Collaborative Research: Disentangling Exploration from Exploitation

DATE: March 1, 2020 to February 28, 2022

Project Outcomes Statement

A key tension in the study of experimentation revolves around the exploration of new possibilities and the exploitation of prior discoveries. Starting from Robbins (1952), a large literature in economics and statistics on experimentation via multi-armed bandits has married these two phenomena: Agents experiment by selecting potentially risky options and observing their resulting payoffs. This framework has been used in many applications, ranging from pricing decisions to labor market search. Nonetheless, in many applications, agents' exploration and exploitation need not be intertwined. An investor may evaluate projects she has not invested in, an employee may explore alternative jobs while working, etc.
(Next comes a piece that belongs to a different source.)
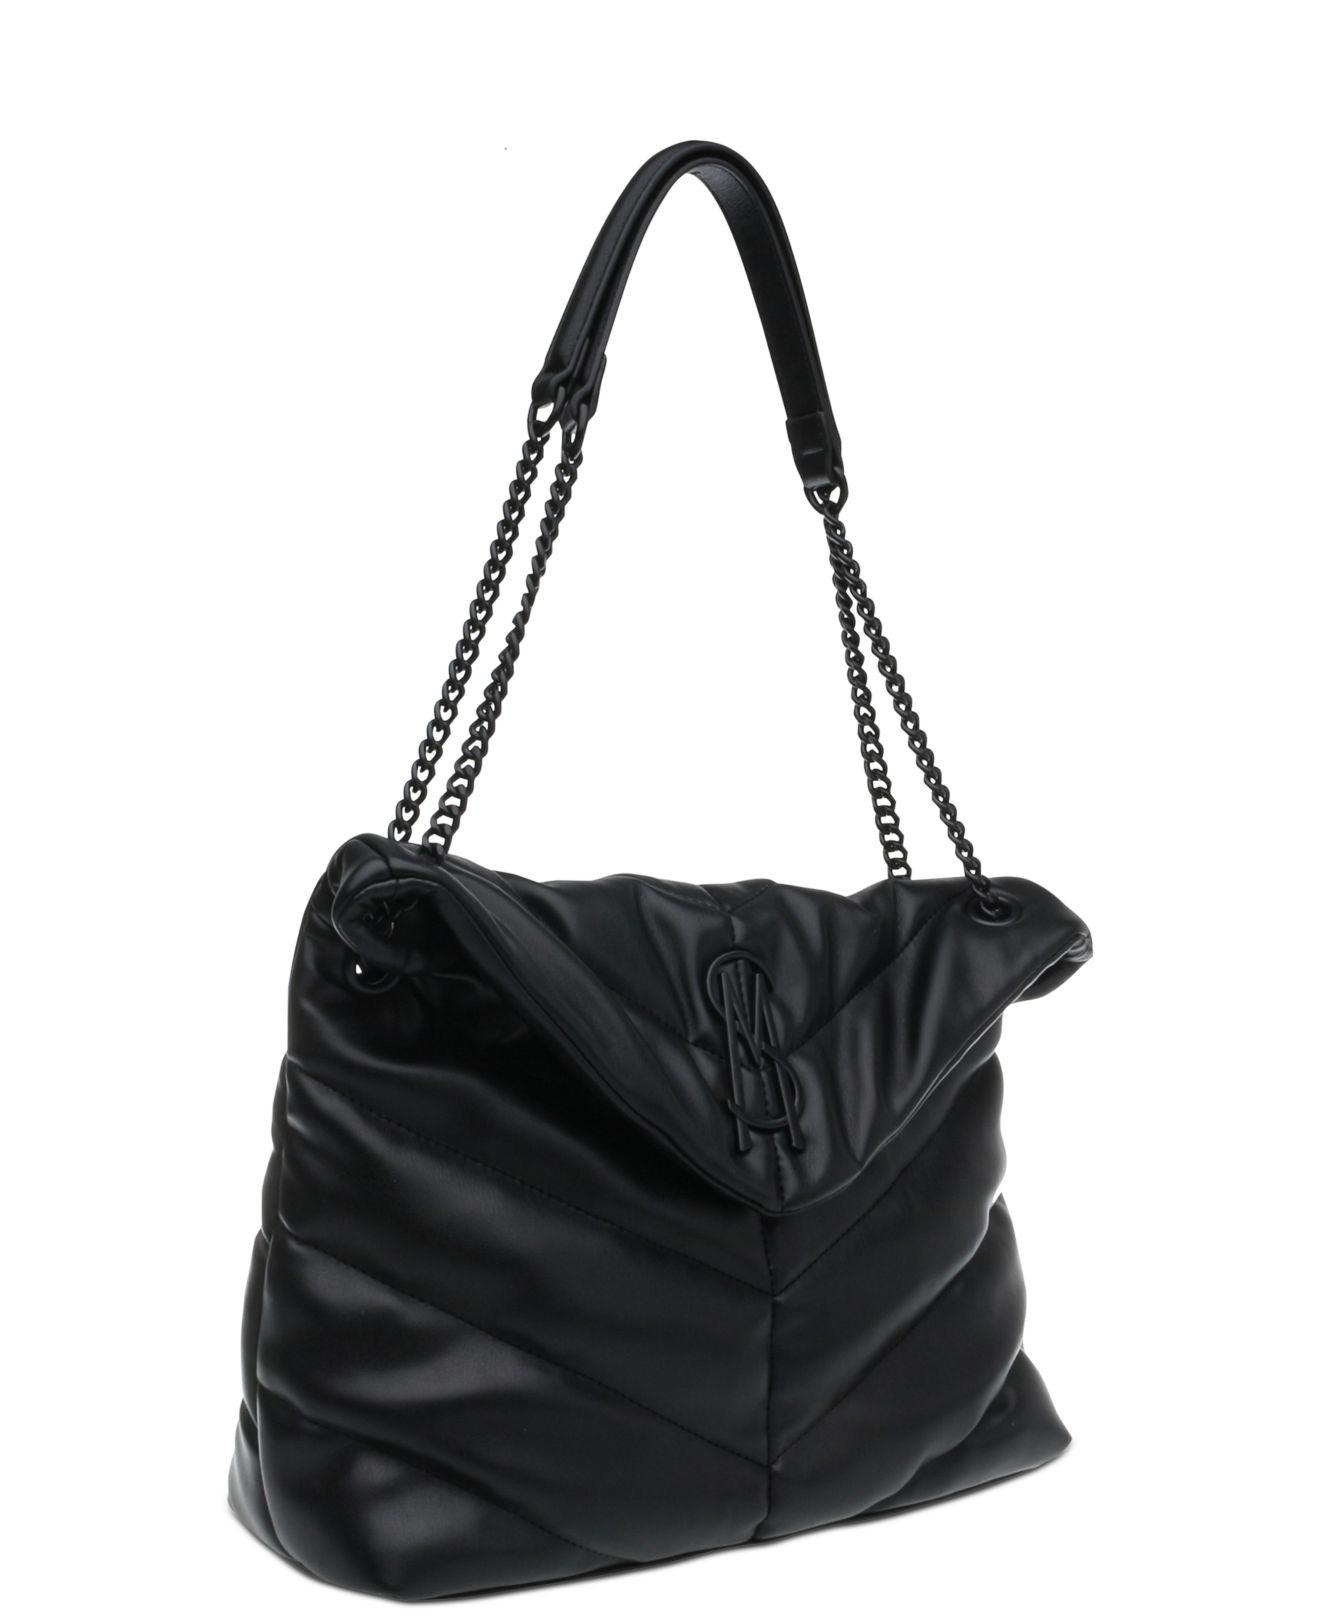 Steve Madden Britta Shoulder Bag in Black | Lyst Canada

The project focuses on the consequences of disentangling exploration from exploitation.

The prior literature has exploited an important technical tool which is known as the Gittins index that attaches a value independently to each project---an index---determines which project is optimal to act on. In our setting, we show that such an index does not exist, which poses a challenge in offering general characterizations of optimal policies.

Nevertherless, it is possible to make progress in interesting special cases. Specifically, the first paper has focused on the case of what are known as Poisson bandits, which are widely used in applications. An important difference is the fact that in our setting, the decision maker eventually must learn to exploit the superior project, whereas the standard setting features incomplete learning.
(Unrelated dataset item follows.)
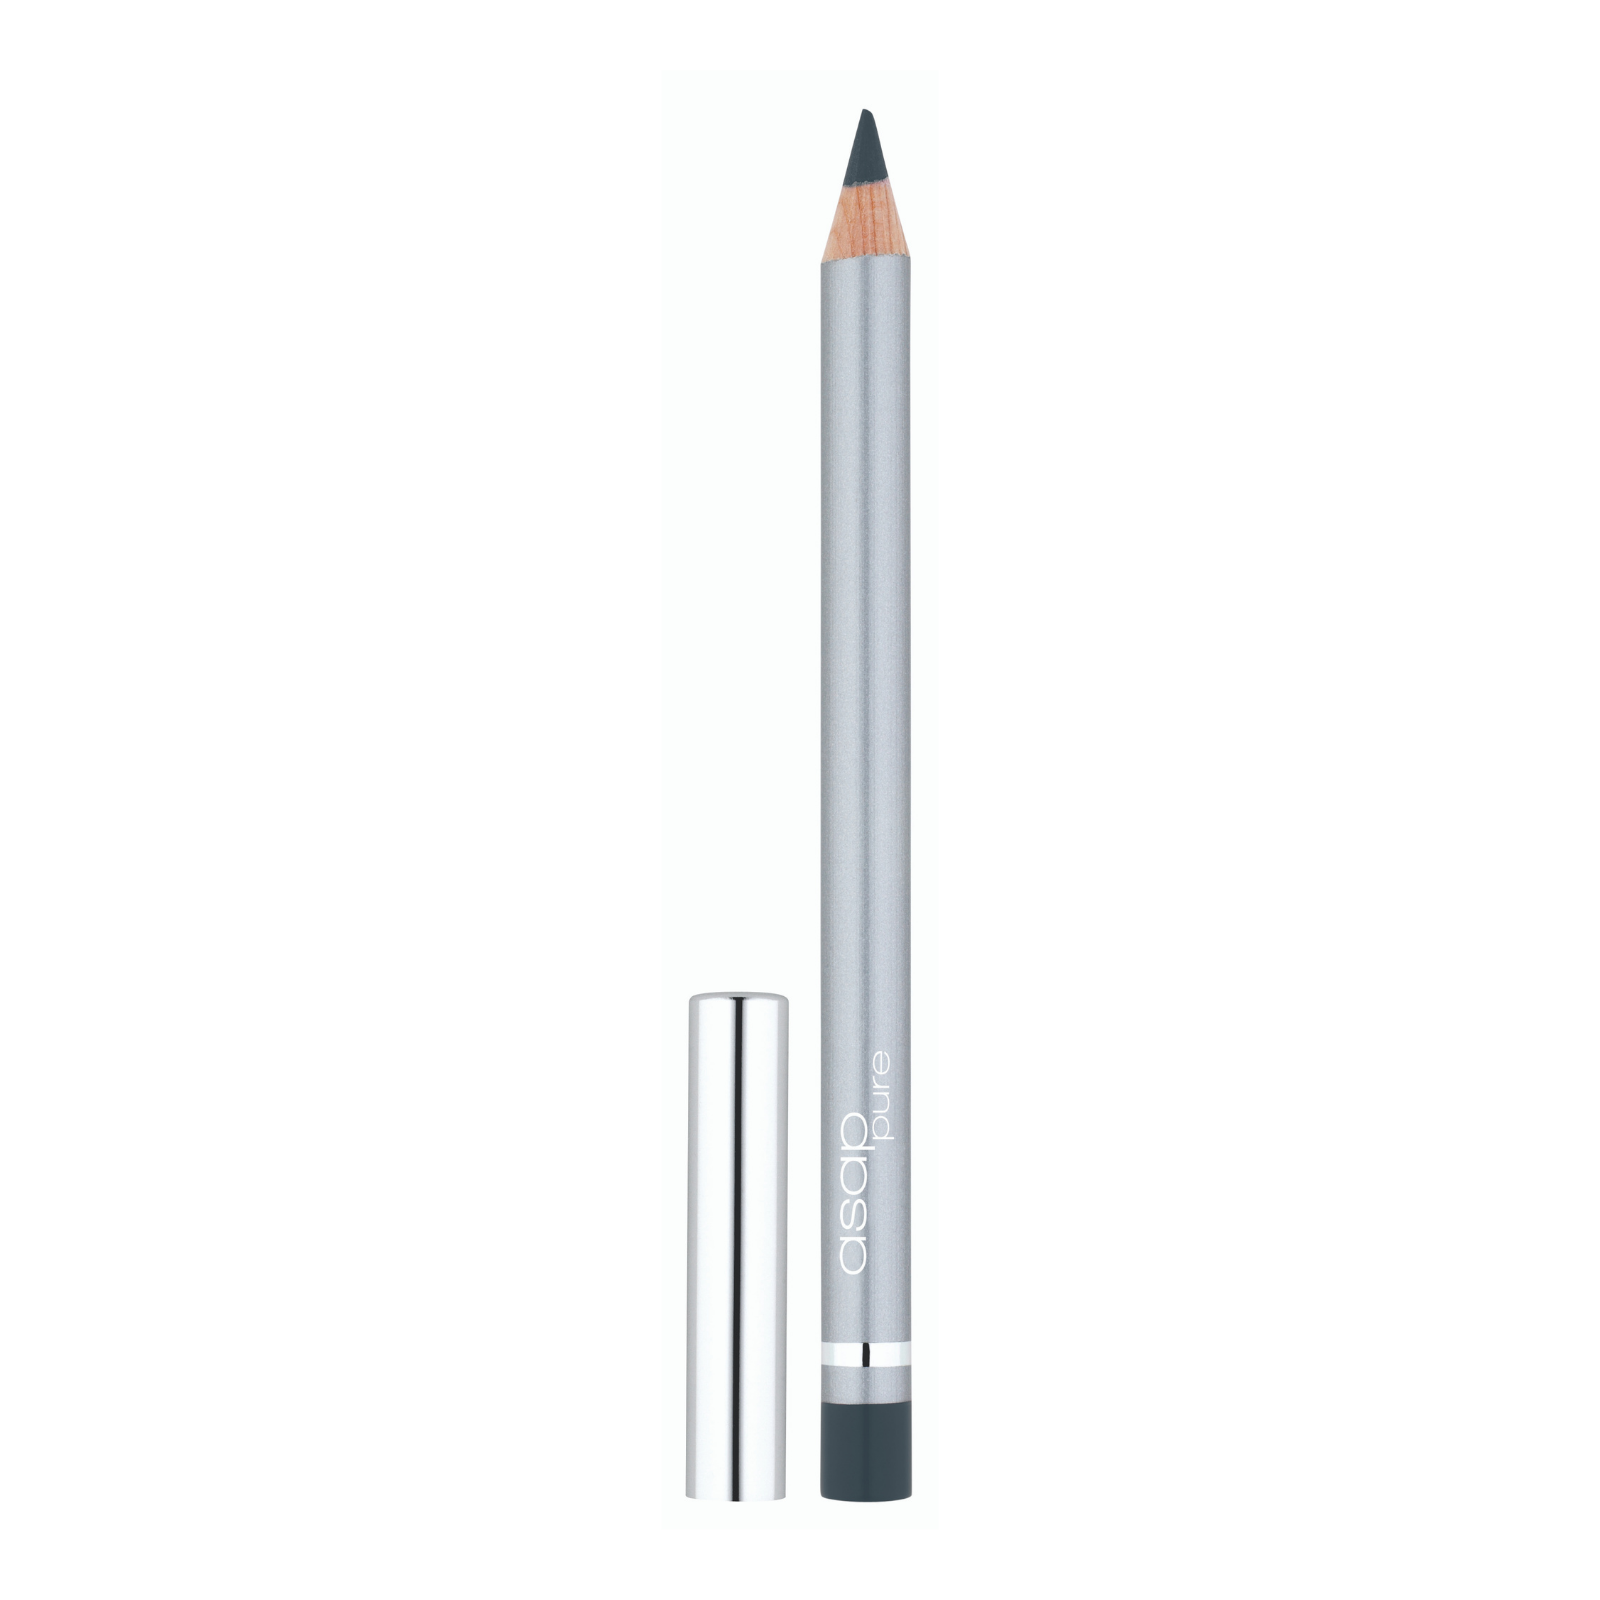 ASAP Mineral Eye Pencil - Charcoal 1.13g

The paper also shows that the opportunity to disentangle exploration from exploitation drastically alters the optimal policy. In particular, such a policy displays a lot more persistence than in the standard setting, and attains higher payoffs, especially when key parameters are not in extreme ranges.

The project also generalizes settings from prior literature, and obtains novel results that illuminate specific features of those settings.

An application to team experimentation also displays important differences: in the traditional theory team experimentation features free riding, whereas in our setting experimentation is efficient.